Aim 1: (Exploratory) To determine the extent to which pregnant women with OUD seeking MSW differ from
those seeking OAT in terms of demographic, social, personal, and substance use history characteristics.
Aim 2: (Inferential) To examine the extent to which pregnant women with OUD seeking MSW differ from
those seeking OAT in terms of maternal and neonatal outcomes. Aim 3. (Descriptive) To assess the ability
of participant treatment entry characteristics to discriminate between (a) MSW participants who successfully
complete their withdrawal protocol from MSW participants who do not; (b) MSW participants who
successfully complete MSW and are opioid-negative at delivery from MSW participants who successfully
complete their withdrawal protocol but discontinue treatment and are opioid-positive at delivery; and (c)
participants who successfully complete MSW and are opioid-negative at delivery from participants who
remain in OAT and are opioid-negative at delivery. Public Health Impact.
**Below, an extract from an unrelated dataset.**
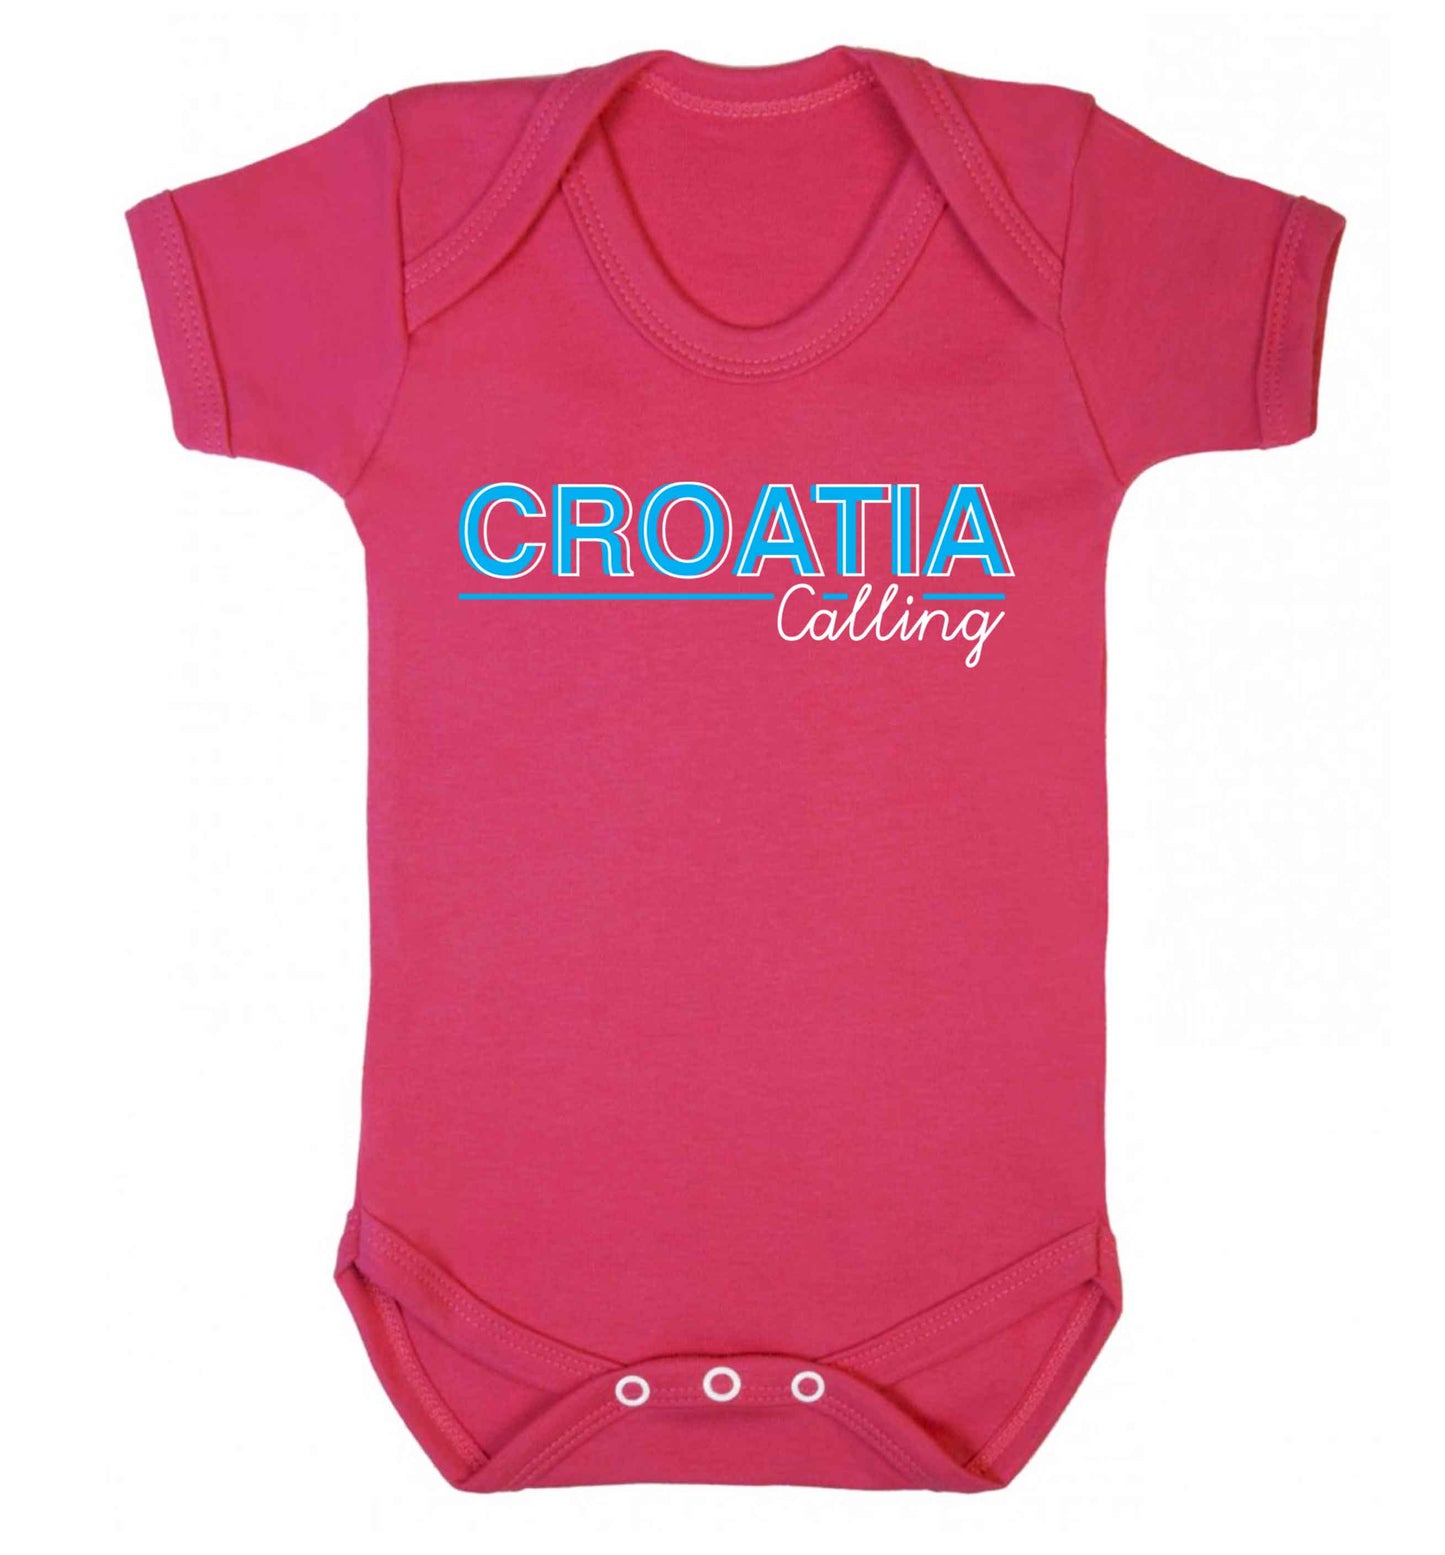 Croatia calling Baby Vest dark pink 18-24 months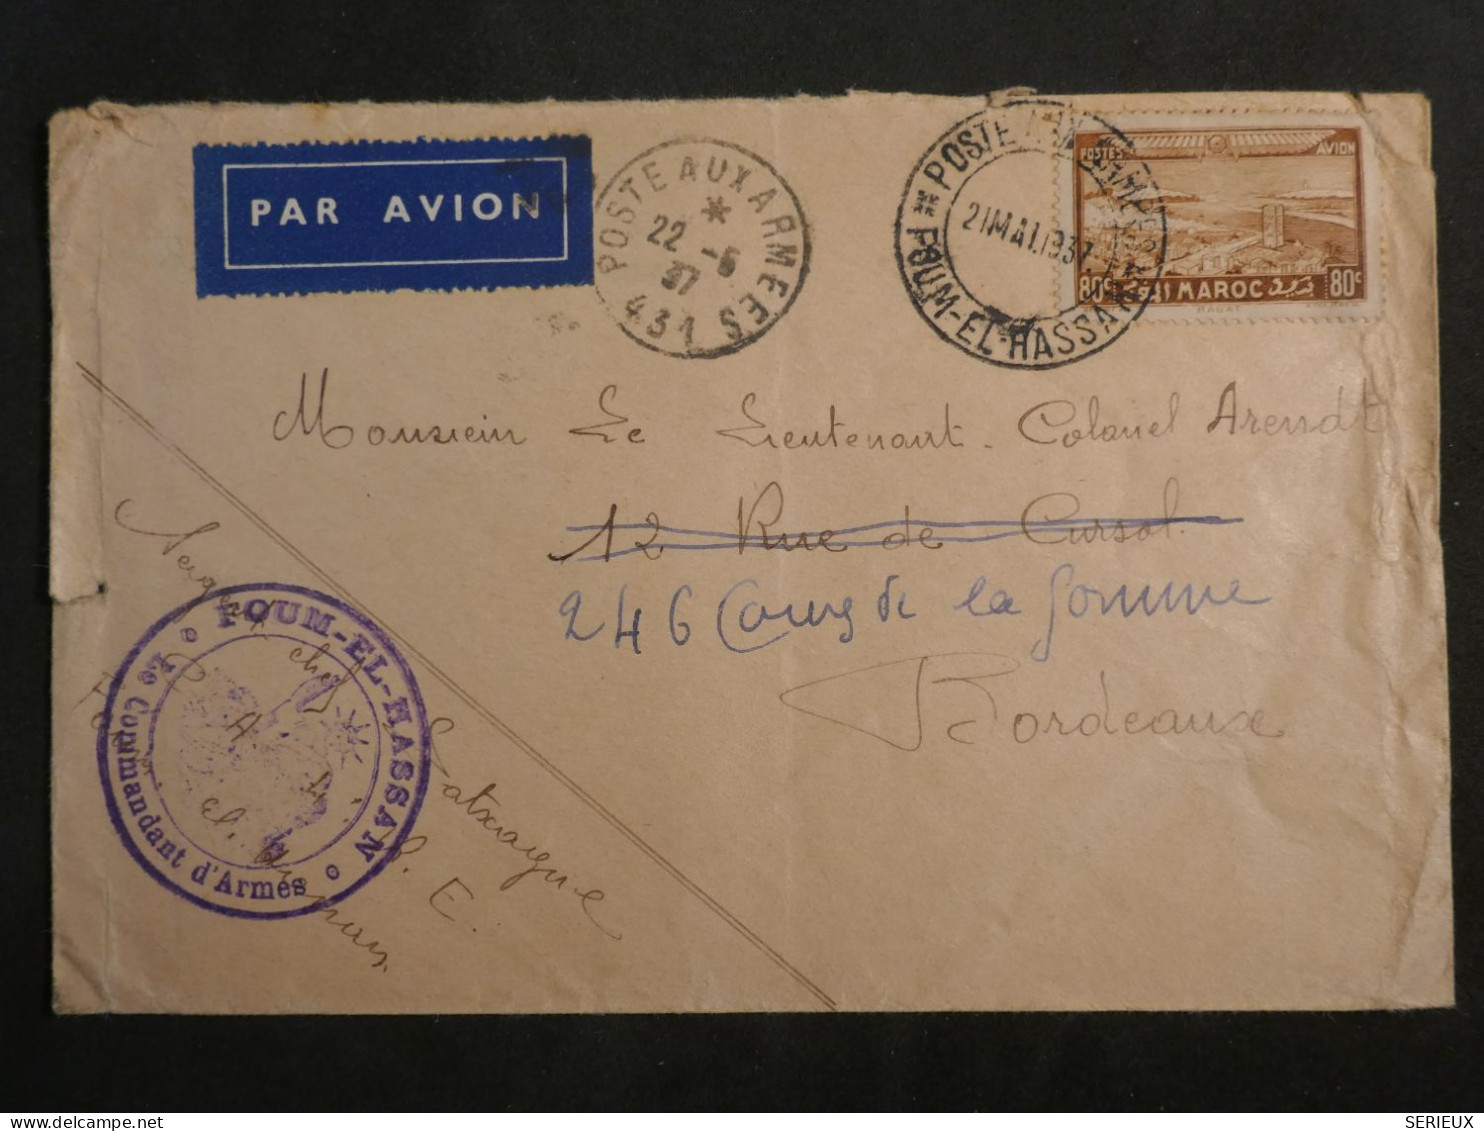 DL0  MAROC  LETTRE RR  1937  FOUM EL HASSAN  A BORDEAUX FRANCE + +AFF.  INTERESSANT+ + - Storia Postale

This study will provide science-
based evidence that addresses significant gaps in the treatment of OUD during pregnancy to be used by
government, medical societies, providers and patie...

## Key facts

- **NIH application ID:** 10375543
- **Project number:** 5R01DA047867-05
- **Recipient organization:** UNIV OF NORTH CAROLINA CHAPEL HILL
- **Principal Investigator:** Sarah H Heil
- **Activity code:** R01 (R01, R21, SBIR, etc.)
- **Funding institute:** NIH
- **Fiscal year:** 2022
- **Award amount:** $649,921
- **Award type:** 5
- **Project period:** 2018-07-15 → 2026-03-31

## Primary source

NIH RePORTER: https://reporter.nih.gov/project-details/10375543

## Citation

> US National Institutes of Health, RePORTER application 10375543, Medically-supervised withdrawal vs. agonist maintenance in the treatment of pregnant women with opioid use disorder: Maternal, fetal, and neonatal outcomes (5R01DA047867-05). Retrieved via AI Analytics 2026-05-24 from https://api.ai-analytics.org/grant/nih/10375543. Licensed CC0.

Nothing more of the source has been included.